Just finished Louis Adamic's 1934 classic on class violence in America,
Dynamite: The Story of Class Violence In America, and was struck by the relevance of his observations made almost 80 years ago:
"The humanistic or social interests of the country have been fighting a feud with Big Business for seven or eight decades.Occasionally the social will gets worked up and acting through political parties and the Government, imposes itself upon business and makes it behave, or tries to make it behave, at least for a little while, until business , with its single minded purpose, finds a way to rid itself of social control.....
Society must always compel business to function for the social good, and not only for the social good but for the good of business itself. Business would have ruined itself and the country long ago , were it not for occasional spurts of social action to curb it."
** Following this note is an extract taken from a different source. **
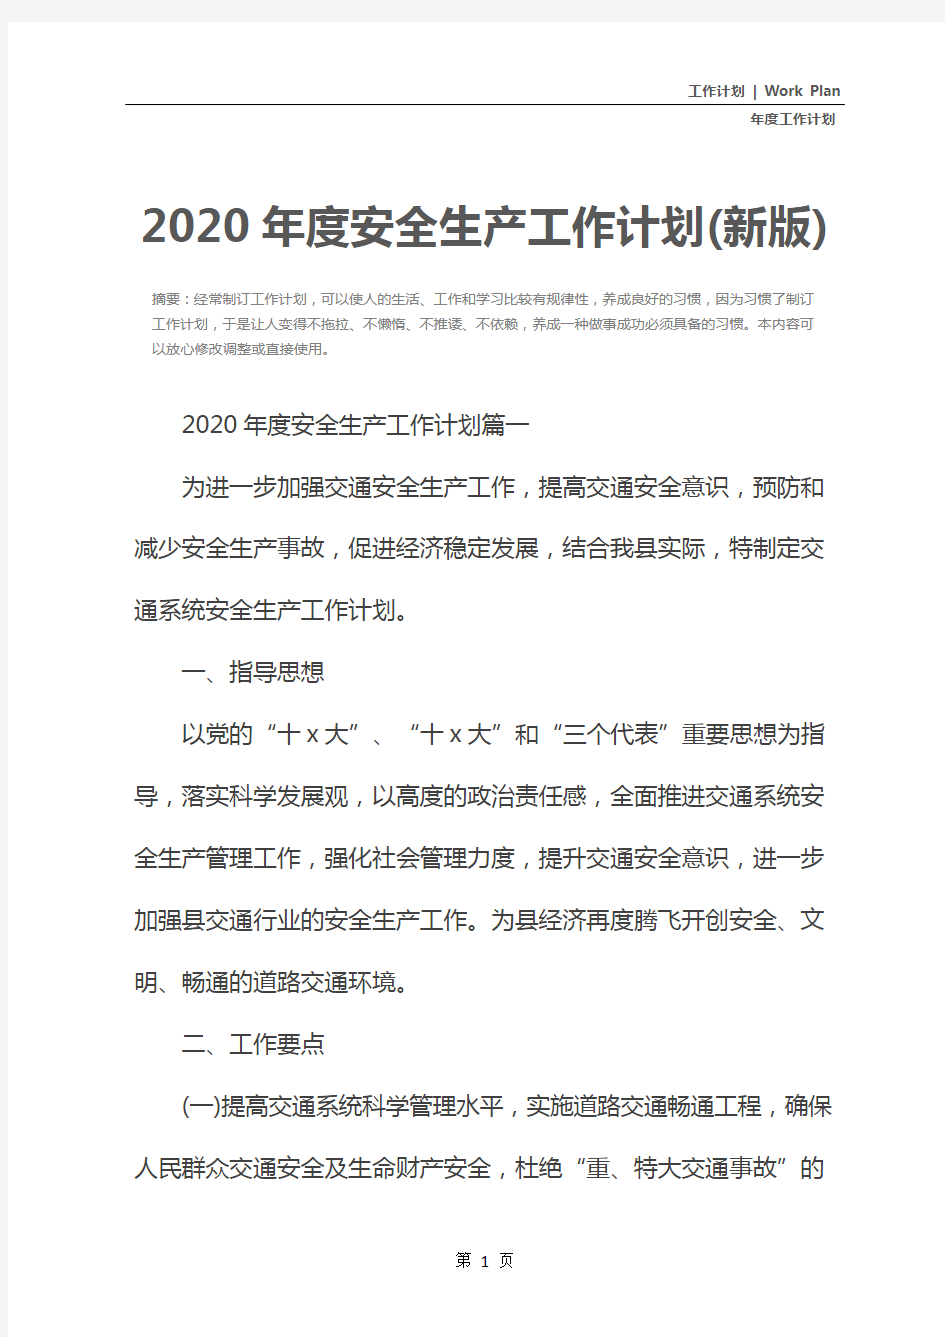 2020年度安全生产工作计划(新版)

This could have just as easily been written anytime in the past 4 or forty years. It also sheds some light on the origins of anti government rhetoric so popular on the Right and emanating from Corporate sources. Even in 1934 Adamic recognized the potential for catastrophe Corporate interests represented:
"They control, it is safe to say, every important process of the country's economic activity and, therby, directly or indirectly influence every other phase of our national life. Indeed, every now and then they threaten, with their enormous money power , to gain full sway over the Government and overcome the social will."
Very insightful reading considering it predates rampant globalization, the rise of the transnational Corporate entity, media concentration, the Koch brothers, Citizens United, and all the other more modern aspects of unrestrained capitalism.